Building brands
October 20, 2010French luxury goods producer PPR has big plans for German sports brand Puma, as well as that company's unconventional CEO, Jochen Zeitz.
Zeitz – who reportedly divides his time between Puma's headquarters in Herzogenaurach and his farm in Kenya – took charge of Puma in 1993, when he was just 30 years old. He quickly gained a reputation as a mover and shaker as he transformed the struggling company into a successful brand with a global presence.
PPR acquired Puma in 2007, and has since purchased other sports brands including the Cobra golf label.
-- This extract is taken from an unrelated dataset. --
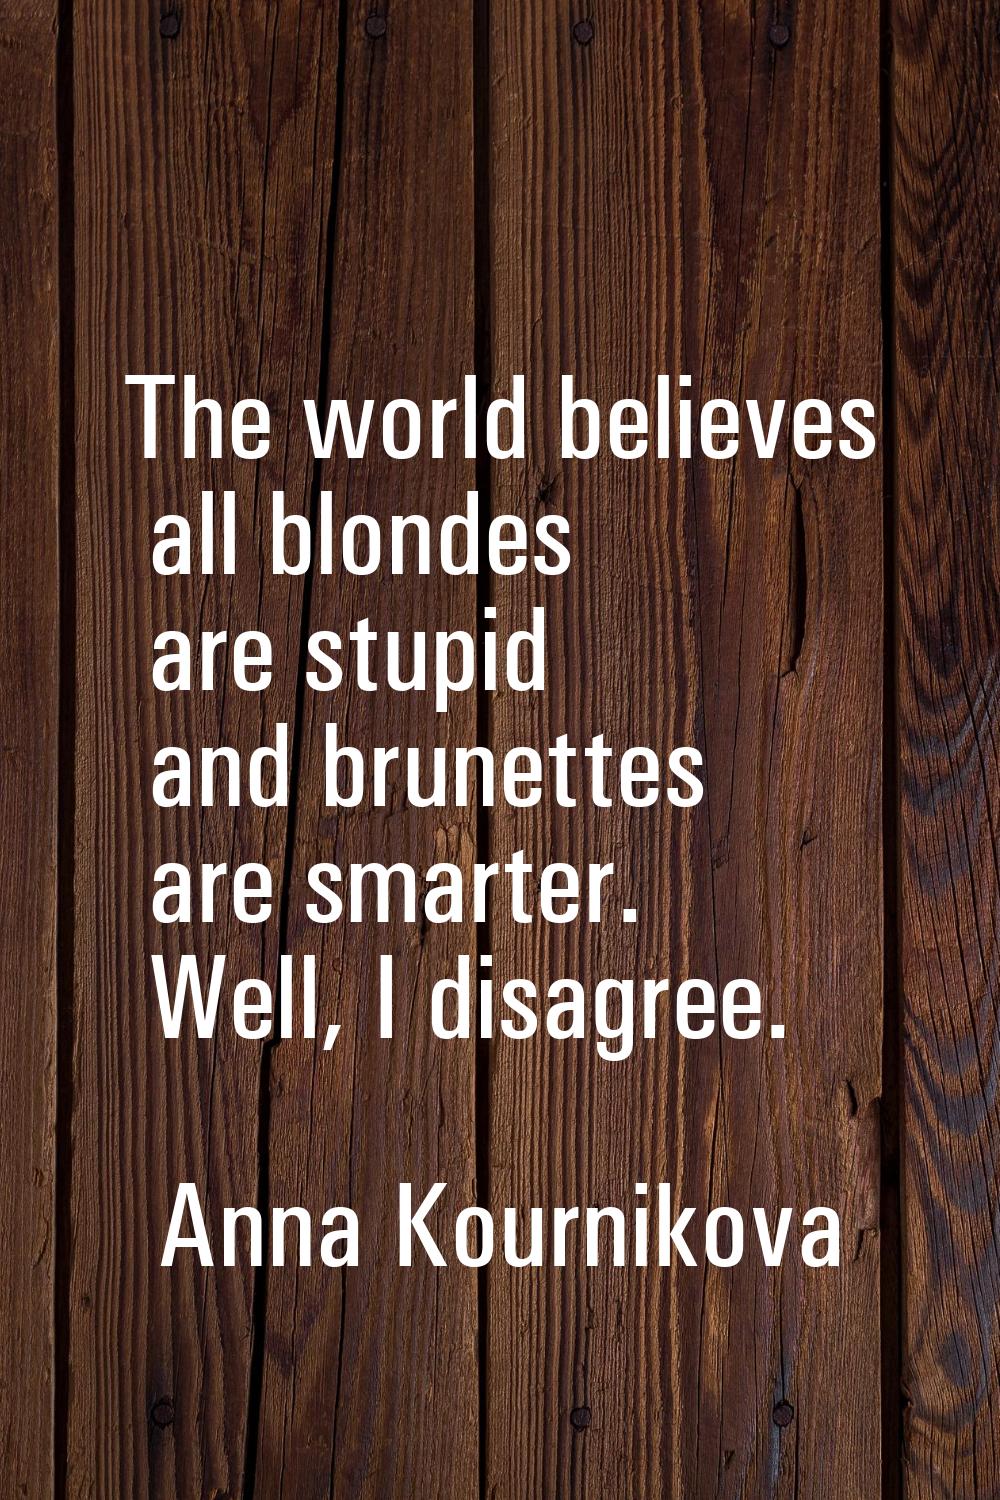 The world believes all blondes are stupid and brunettes are smarter. Well, I disagree.

It wants Zeitz, now 47, to head up a new sporting goods and leisure division with Puma as its centerpiece.
PPR chief Francois-Henri Pinault said in a statement that "the reinforcement of the Puma management team under Jochen Zeitz is a decisive factor in the implementation of our strategy, which aims to make Puma the core brand of PPR's second pillar (sporting goods and leisure)."
Logical conclusion
Antoine Belge, a luxury and sporting goods analyst for HSBC, said Zeitz has been involved in PPR's strategic development for some time now.
"It's just a sort of formalization of something that already existed... effectively he was already in charge of doing acquisition," he told Deutsche Welle. "It's just a sign that expansion may accelerate."
To facilitate change, Puma will be restructured from a German AG corporation to a European SE corporation. Analysts expect a senior Puma manager will be appointed CEO, while Zeitz himself is stays on as executive chairman until a replacement is found.
"That is why they want to have a specific CEO for the Puma brand, because Jochen Zeitz will probably spend more time finding other brands to integrate into that division," Belge said.
Tighter branding control
PPR is expected to sell a number of subsidiaries – including electronics and entertainment retailer Fnac, furniture seller Conforama and Redcats mail order- to finance the acquisition of further high-end brands.
John Horan, publisher of industry newsletter Sporting Goods Intelligence, said it makes sense for PPR to shed its multi-brand retail chains and concentrate on developing its own labels. He described this as 'vertical retail,' in which brands maintain stores exclusively to sell their products.
"If you look at where all the real strength in retail is recently, it's been with vertical retailers of one kind or another," Horan told Deutsche Welle. "They see it as a way to really make a brand statement that is very difficult to make when you're selling through a retailer."